= Beginning of Section =

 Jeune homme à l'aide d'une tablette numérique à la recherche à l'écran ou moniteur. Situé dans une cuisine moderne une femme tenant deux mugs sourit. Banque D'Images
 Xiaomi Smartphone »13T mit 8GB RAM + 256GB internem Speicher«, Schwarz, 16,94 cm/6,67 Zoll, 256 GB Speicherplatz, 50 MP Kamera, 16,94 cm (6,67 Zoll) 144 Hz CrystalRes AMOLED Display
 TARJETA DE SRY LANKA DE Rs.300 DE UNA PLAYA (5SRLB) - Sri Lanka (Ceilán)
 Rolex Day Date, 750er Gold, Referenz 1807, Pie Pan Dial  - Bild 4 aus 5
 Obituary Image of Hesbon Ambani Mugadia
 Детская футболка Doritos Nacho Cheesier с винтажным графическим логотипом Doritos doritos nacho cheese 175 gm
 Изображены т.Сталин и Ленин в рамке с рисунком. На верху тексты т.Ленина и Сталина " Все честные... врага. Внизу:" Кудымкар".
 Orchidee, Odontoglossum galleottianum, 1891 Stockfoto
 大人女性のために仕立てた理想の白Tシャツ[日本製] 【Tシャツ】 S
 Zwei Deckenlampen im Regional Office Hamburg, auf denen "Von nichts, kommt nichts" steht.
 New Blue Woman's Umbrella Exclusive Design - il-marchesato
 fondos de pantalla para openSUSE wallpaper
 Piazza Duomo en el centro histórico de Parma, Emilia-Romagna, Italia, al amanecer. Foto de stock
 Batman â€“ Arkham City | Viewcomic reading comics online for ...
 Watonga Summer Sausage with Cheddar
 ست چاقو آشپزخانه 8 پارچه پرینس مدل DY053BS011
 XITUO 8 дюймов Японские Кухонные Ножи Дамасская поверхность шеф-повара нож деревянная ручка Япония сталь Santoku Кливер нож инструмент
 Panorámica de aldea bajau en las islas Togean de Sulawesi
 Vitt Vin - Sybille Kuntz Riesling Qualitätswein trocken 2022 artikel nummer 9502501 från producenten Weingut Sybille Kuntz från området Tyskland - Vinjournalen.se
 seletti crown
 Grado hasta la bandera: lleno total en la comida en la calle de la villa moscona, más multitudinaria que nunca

= End of Section =

Could you return exactly the stretch of the data above that starts at the line with "Rolex Day Date, 750er" and ends at the line with "Изображены т.Сталин и", both lines included?

Answer area
 Rolex Day Date, 750er Gold, Referenz 1807, Pie Pan Dial  - Bild 4 aus 5
 Obituary Image of Hesbon Ambani Mugadia
 Детская футболка Doritos Nacho Cheesier с винтажным графическим логотипом Doritos doritos nacho cheese 175 gm
 Изображены т.Сталин и Ленин в рамке с рисунком. На верху тексты т.Ленина и Сталина " Все честные... врага. Внизу:" Кудымкар".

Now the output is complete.